Cette immédiateté de la technique est un aspect du travail de l’artiste, notamment dans les séries d’huile, cendre, encre de Chine et fil sur papier. Le matériau s’accumule dans l’esprit avant de se glisser sur le support. Il jaillit d’une méditation comme le prolongement du souffle. Le geste conserve donc une certaine autonomie, une spontanéité, mais par-là même une forme de fragilité, comme l’illustrent les bouts de tarlatane repliés sur eux-même comme des papiers en feu ou l’incorporation de cendres à la matière.[...]

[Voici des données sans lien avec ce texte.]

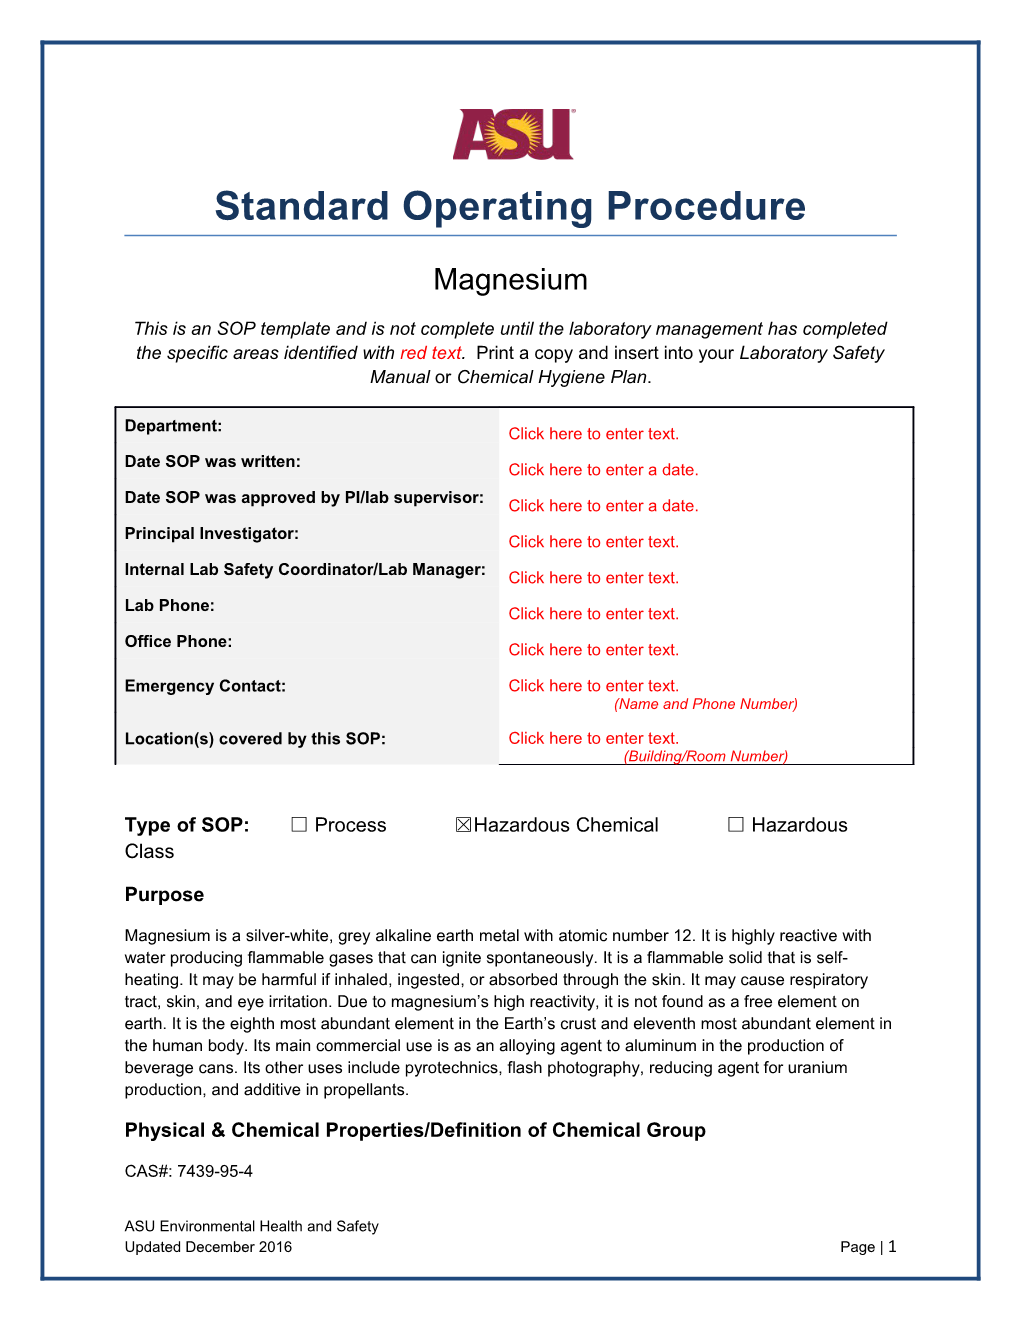 Type of SOP: Process Hazardous Chemical Hazardous Class s2

La pensée de l’écart est chère à Florence Grundeler, qui fouille les matières entre le noir et le blanc, le tendu et le lâche, le plan et le solide. Au duo fil / ligne répond celui de cube / pavé. Éloge de l’altérité est une installation de format carré (160 x 160 cm), constituée de cubes de parpaing agencés en quadrillage de manière à laisser des places vides. La majorité des blocs est surmontée d’une plaque de zinc, cuivre ou acier, à la surface plus ou moins réfléchissante et matiérée. [...]
Peut-être la légèreté se situe-t-elle dans quelque chose d’aussi compact que les pavés de béton ou la trame nouée des tissages ?
Elora Weill-Engerer, critique d’art
"Une exploration liée au temps, la traversée, le chemin,
ralentir le temps, elargir l'espace,
des répétitions qui sont comme des renouvellements,
l'utilisation de médiums et matériaux simples
(encre de Chine, pigments, cendre, fils)
Pour, avec le minimum, ouvrir l'imaginaire au maximum."